Thanks for your reply, its been 10 days since i was referred still not heard anything. How long did you wait until you heard? I feel like i'm waisting time, month after month waiting.


----------



## Carls305 (Aug 30, 2012)

Do you have a rubbish GP? I have. Honestly I can't remember how long it took but I did have to keep on to the doctor so i'd ring up again and ask him/her what's going on. Tell me about me, time just seems to pass me by at the moment because I feel like i'm forever waiting for the next test/appointment etc.

Good luck 

Carls xx


----------



## Seren fach (Mar 4, 2013)

I have been going back and forward to see my gp for months. She suggested that there were no signs of a serious problem therefore we should just keep trying and see how things go. I just feel that i would like all the test just to see what the problem is (if any) and then make the decision if we just keep trying or explore other options. I asked for another GP during my last visit and he referred me straight away. Should i hear within 3 weeks do you think? I have one child who is 3 yrs old. My GP thinks it is very unlikely that i have any problems with my tubes as l have one child, is this true? What do you think?


----------



## Carls305 (Aug 30, 2012)

How long did it take with your first child? Maybe he is taking longer to refer you because of the fact you already have a child. There could be a problem, just because you've already got one child doesn't mean there isn't necessarily a problem, perhaps you were lucky with your first or maybe it's just taking a bit longer with your second, the only way you'll be able to find out is with tests, just keep on at the GP  Hope you don't take offence to this but are you still with the same partner? and if you are older age might be an issue? but I don't know how old you are so I don't mean it in an offensive way 

Like I said the only way you will know is if you take all the tests so just keep on to your GP until they set something up for you.

Good luck!

Carls xx


----------



## 2ndtimeround (Feb 8, 2012)

Hiya,

I have an almost 4 year old. I got pregnant with him, by accident, whilst on the pill! And since then nothing, not managed to get pregnant at all. GP tried to brush me off but eventually referred me. A lap and dye last june showed I had problems with my tubes and PCOS. I was gutted and confused. However my consultantt was awesome, helped us so much through ouyr first cycle of ivf and now I am pregnant (Still early days though.)

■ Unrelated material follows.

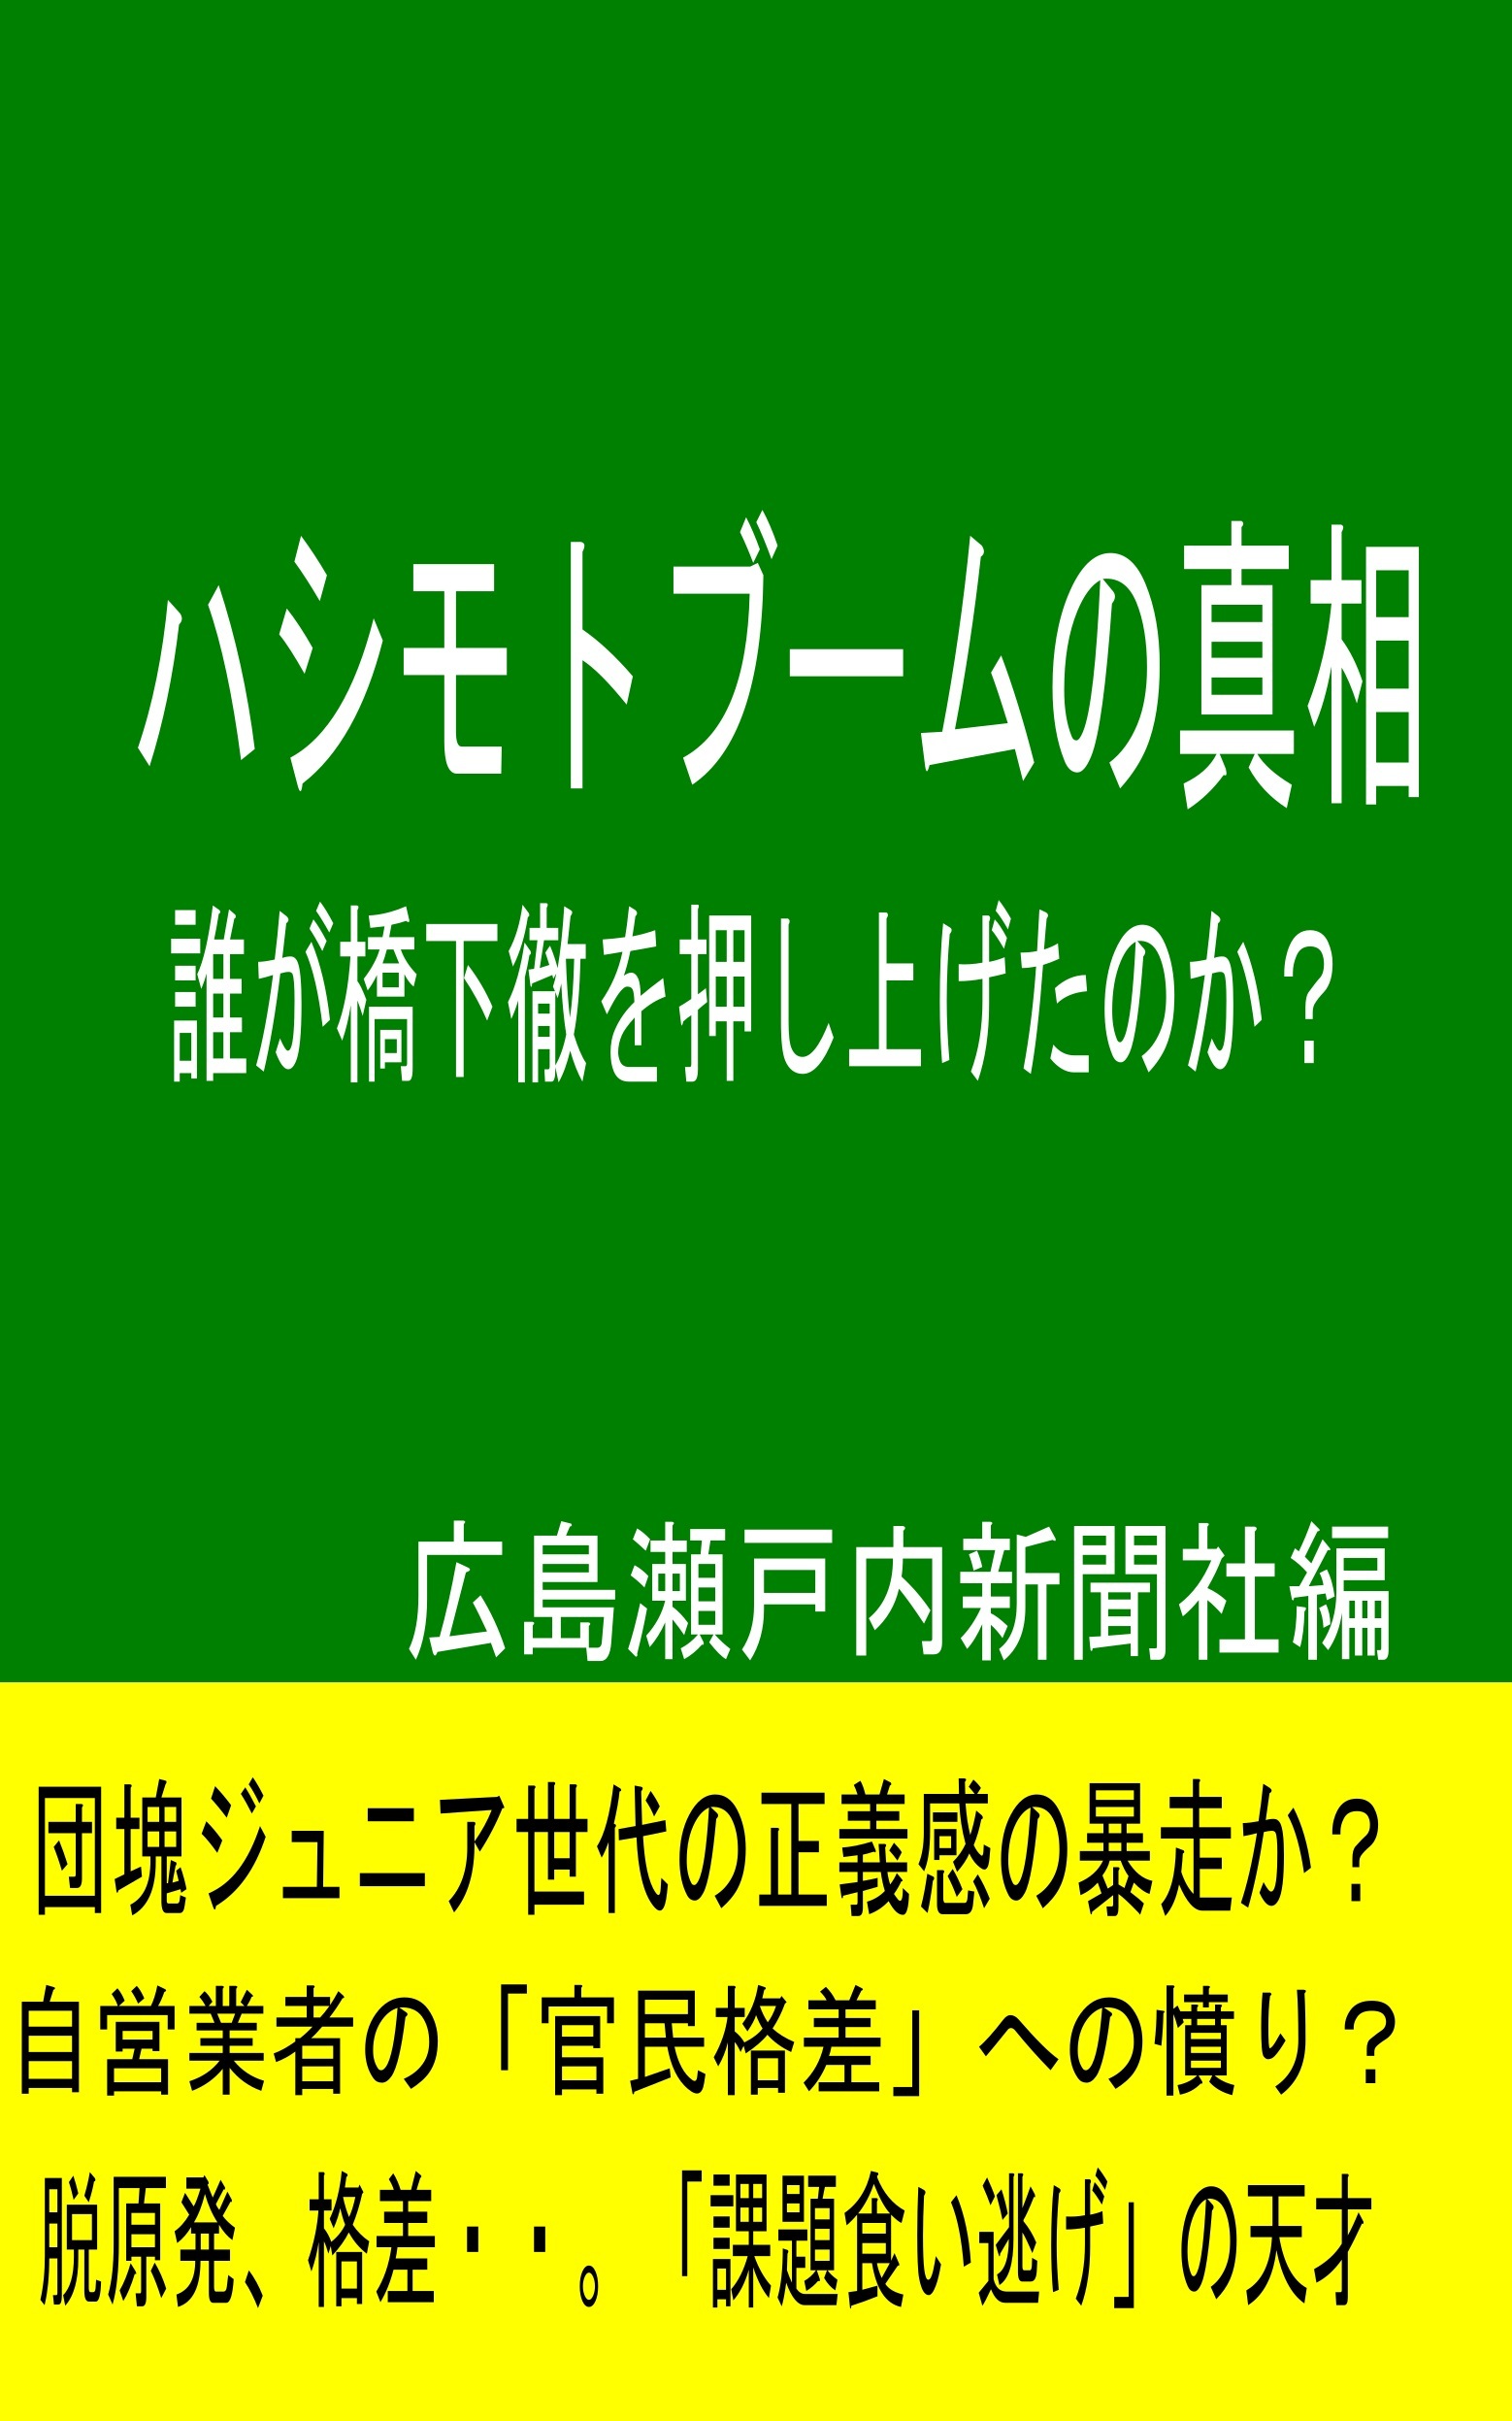 橋下徹さんを11月22日、「大阪帝国皇帝」に即位させたいですか？それともまっとうな民主主義を取り戻したいですか？_e0094315_06452038.jpg

Don't let Doctors ignore the problems you are having, simply because you've had a child before. Anyone trying for over a year has a right to a referral to see a fertility specialist. I wish you all the luck in the world.


----------



## Kittycat11 (Feb 2, 2013)

Hi, 
Me too!
Ive just been told my referral will be sent off today as my DP's second SA results were in.(5% morphology  ) 
I'm hoping it won't take too long to get an appointment with the specialist .
Would be good to know how long it took you and what they did at your first appointment? 

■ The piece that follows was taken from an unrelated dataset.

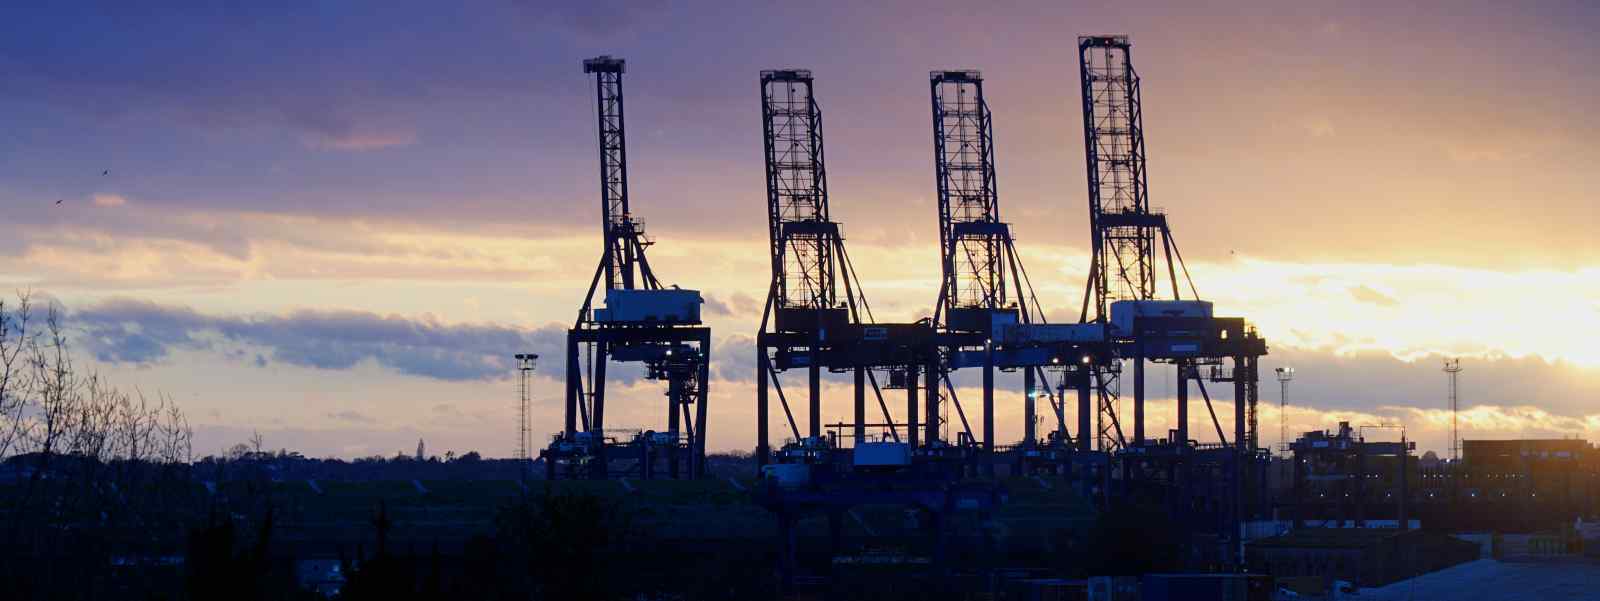 Cranes for shipbuilding

I got Pregnant with my DD within weeks of coming off BC but now I have low ovarian reserve and doc thinks I'm heading for premature menopause. So I'm not sure what to expect either!  

Good luck xx


----------



## Seren fach (Mar 4, 2013)

No offence taken, i am still with the same partner. I got pregnant the first month with my son, no problems at all. I'm 31 yr old now. Still no word from the hospital nearly 2 weeks after Referral! I'm really frustrated!


----------



## Carls305 (Aug 30, 2012)

None of that should be an issue then :S Well my advice would just to keep on at the doctor and the hospital. Have you been assigned a fertility nurse yet? Mine is brilliant. Everything i've had issues with i've always gone to her and she's always managed to help me out with any queries, she's better than our doctor! 

Carls x


----------



## Seren fach (Mar 4, 2013)

Just a quick reply, thank you for your advice. It will be three weeks since my referral on Wednesday and still no word from my Dr or hospital. I feel like I'm pestering them if i go back in and ask them whats going on. Did you find a long waiting list? Do they prioritise couples that have a clear problem when they are referred? What is the normal waiting time, someone mentioned 8 weeks !!!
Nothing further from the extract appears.